Он вылил на землю несколько капель водки. Остальное опрокинул в рот.
— За ребят! — поддержал я тост.
Мы взяли ещё, хотя я видел, что уже достаточно. Илья настаивал и спорить с ним почему-то не хотелось.
— Семнадцать ченов я положил, — бормотал он. — За каждого гильзу храню.
— Ты молодец, — говорил я. — Я бы не смог.
— Да, ты бы не смог, — пьяно усмехался он. — Ты в армии не служил, жизни не видел. Хули, всё мамкину сиську сосёшь. Студентик.
— Да, сиську сосу, — кивал я.
Мутными глазами Илья обводил соседние столы.
— Семнадцать бородатых на тот свет отправил, — говорил он, — и ни одного не жалко. А вот старуху эту забыть не могу!
— Не казнись, — успокаивал я его. — Нет там твоей вины.
Он заплакал. Сидел, опустив голову, а слёзы бежали по щекам. Плечи колыхались от всхлипов, и горе, настоящее горе опустило свою печать на его лицо.
— Выпьем, брат, — сказал он.
Глубокой ночью на своём горбу я тащил Илью домой. У подъезда положил его на скамейку. Подожду полчасика, подумал, может оклемается. Не таким же его домой заносить.
Он оклемался. До квартиры поднялся почти самостоятельно.

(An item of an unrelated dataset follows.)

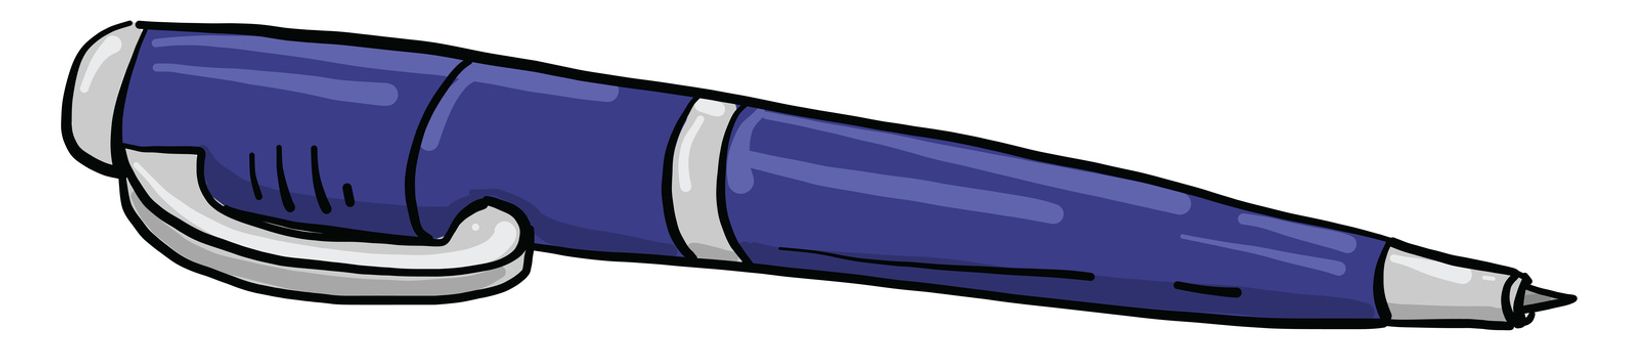 Blue pen , illustration, vector on white background
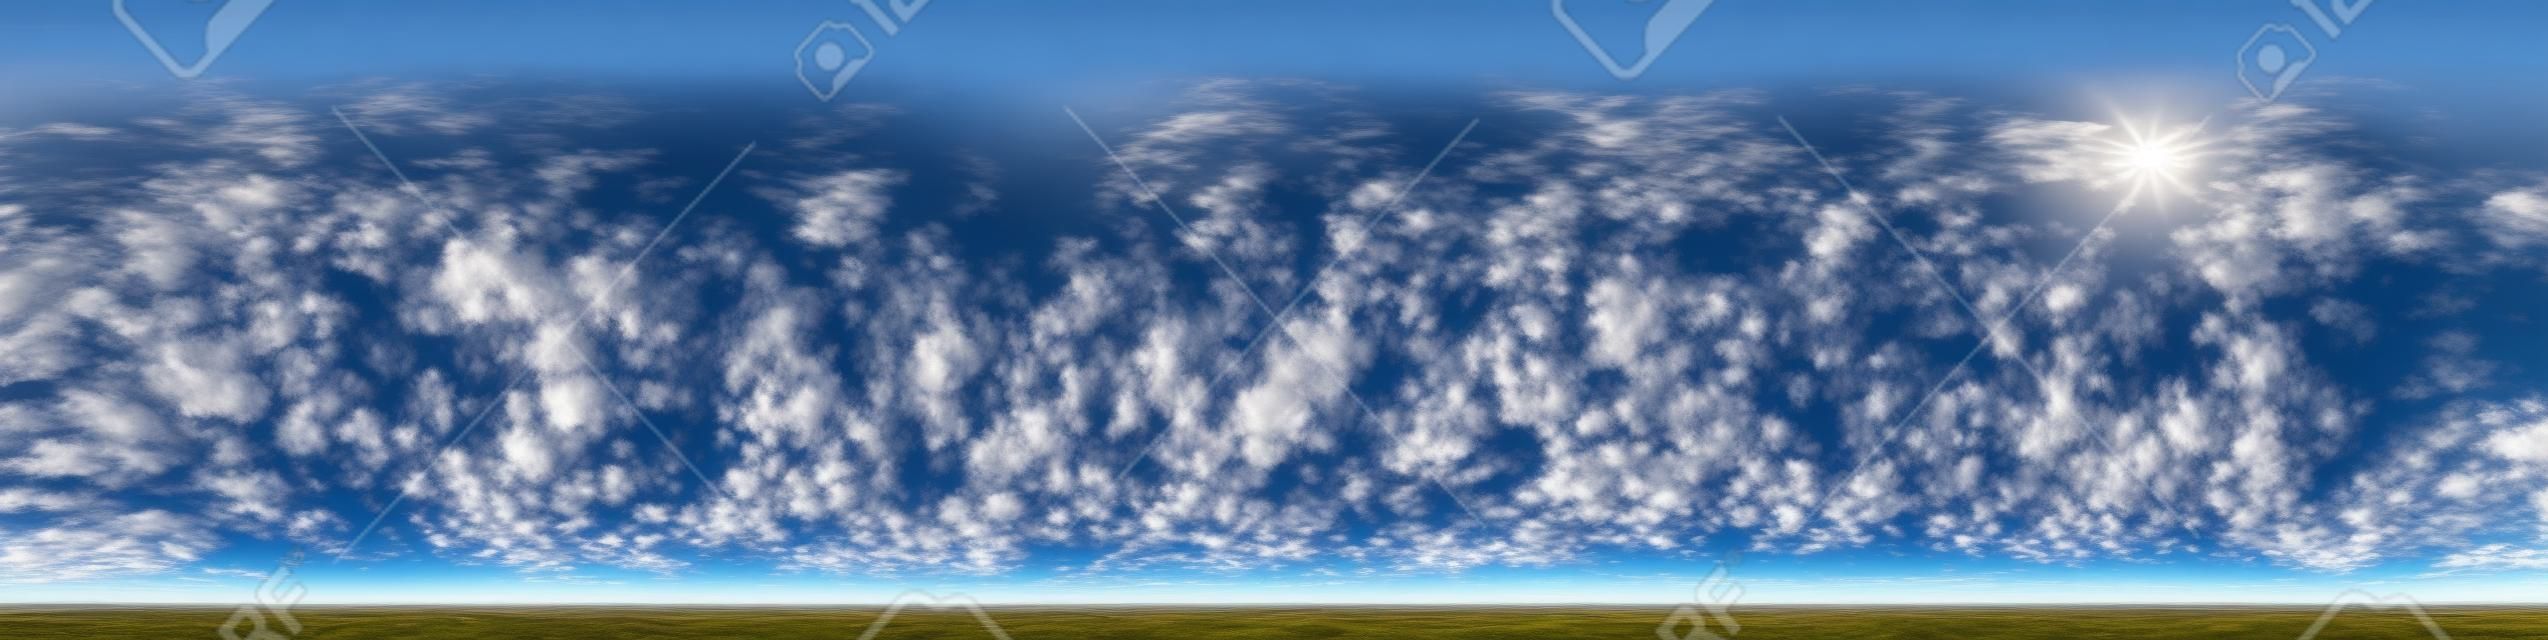 błękitne niebo z pięknymi niesamowitymi chmurami. Płynna panorama HDR 360 stopni kąta widzenia z zenitem do użytku w grafice 3D lub tworzeniu gier jako kopuła nieba lub edycja strzału z drona

— А всё-таки правильно, что мы там были, — шептал он. — Мятежи надо усмирять! Целостность государства — это всё, что у нас есть. Раньше я не понимал этого, но армия открывает глаза. Кто на нас с мечом, тот от меча и погибнет!
Мы попрощались наконец.
В конце лета снова столкнулся с Ириной. Она была рада видеть меня.
— Привет, Вадим! — помахала рукой. — Как делишки?
— Всё так же.
— Илья вернулся, ты знаешь?
— Да, мы виделись.
— Виделись? Молодцы. Слышал, что он жениться собирается?
— Нет.
— Ну, блин, чё он тебе не сказал! К нему же девчонка из Уссурийска приехала. Невеста.
— Из Уссурийска?
— Да, где он служил. У нас живёт. Осенью хотят пожениться.
— Совет да любовь.
Ирина была симпатичной девочкой. У нас даже могло что-то получиться.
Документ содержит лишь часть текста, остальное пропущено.